Optimal bounds for semi-honest quantum oblivious transfer
This provides a foundational security guarantee for quantum cryptography, addressing a fundamental primitive with implications for secure communication protocols.
The paper tackles the problem of establishing optimal security bounds for quantum oblivious transfer protocols, proving that 2B + A ≥ 2, which implies at least one party can cheat with probability at least 2/3, and shows this bound is optimal by constructing protocols that approach any point on the tradeoff curve.

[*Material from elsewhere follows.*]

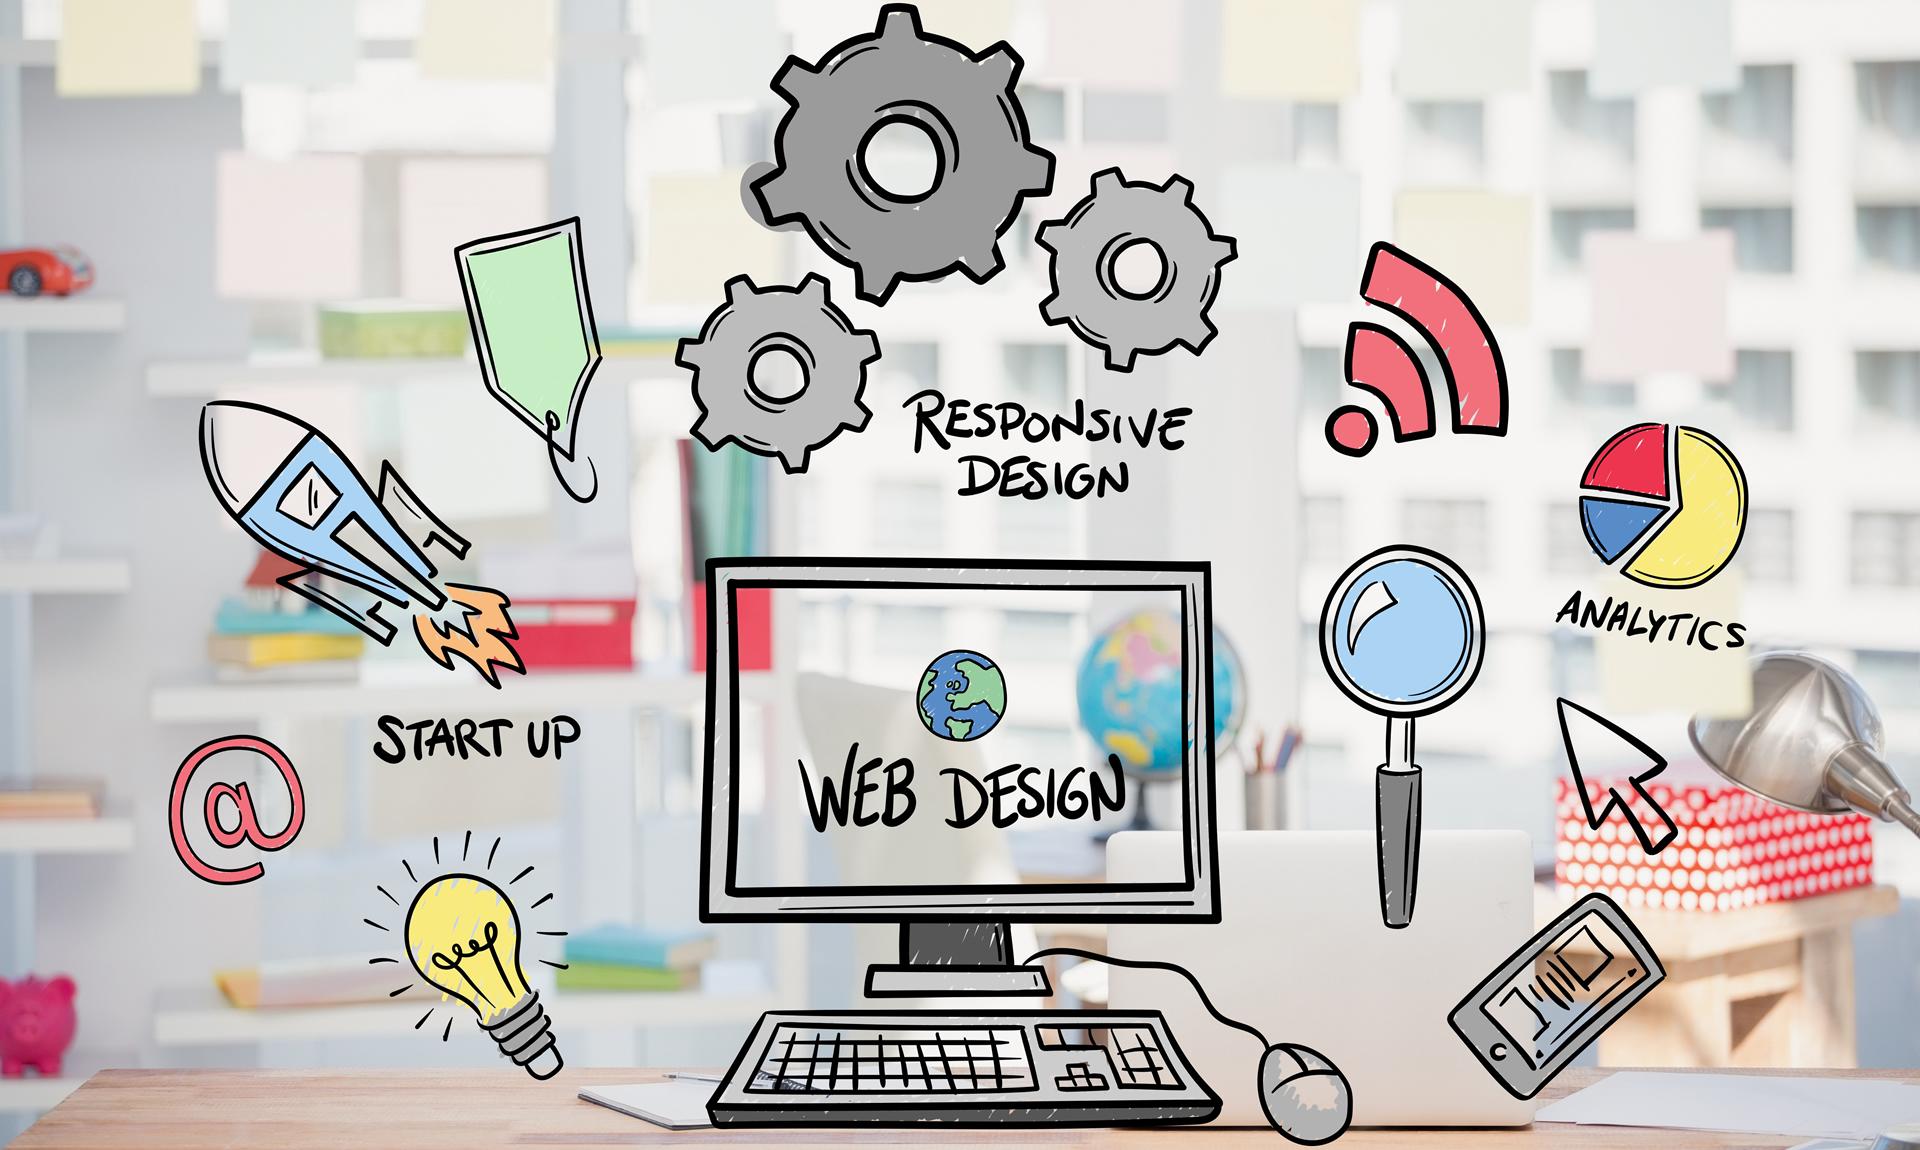 Profesyonel Web Tasarım Çalışması Nedir?

Oblivious transfer is a fundamental cryptographic primitive in which Bob transfers one of two bits to Alice in such a way that Bob cannot know which of the two bits Alice has learned. We present an optimal security bound for quantum oblivious transfer protocols under a natural and demanding definition of what it means for Alice to cheat. Our lower bound is a smooth tradeoff between the probability B with which Bob can guess Alice's bit choice and the probability A with which Alice can guess both of Bob's bits given that she learns one of the bits with certainty. We prove that 2B + A is greater than or equal to 2 in any quantum protocol for oblivious transfer, from which it follows that one of the two parties must be able to cheat with probability at least 2/3. We prove that this bound is optimal by exhibiting a family of protocols whose cheating probabilities can be made arbitrarily close to any point on the tradeoff curve.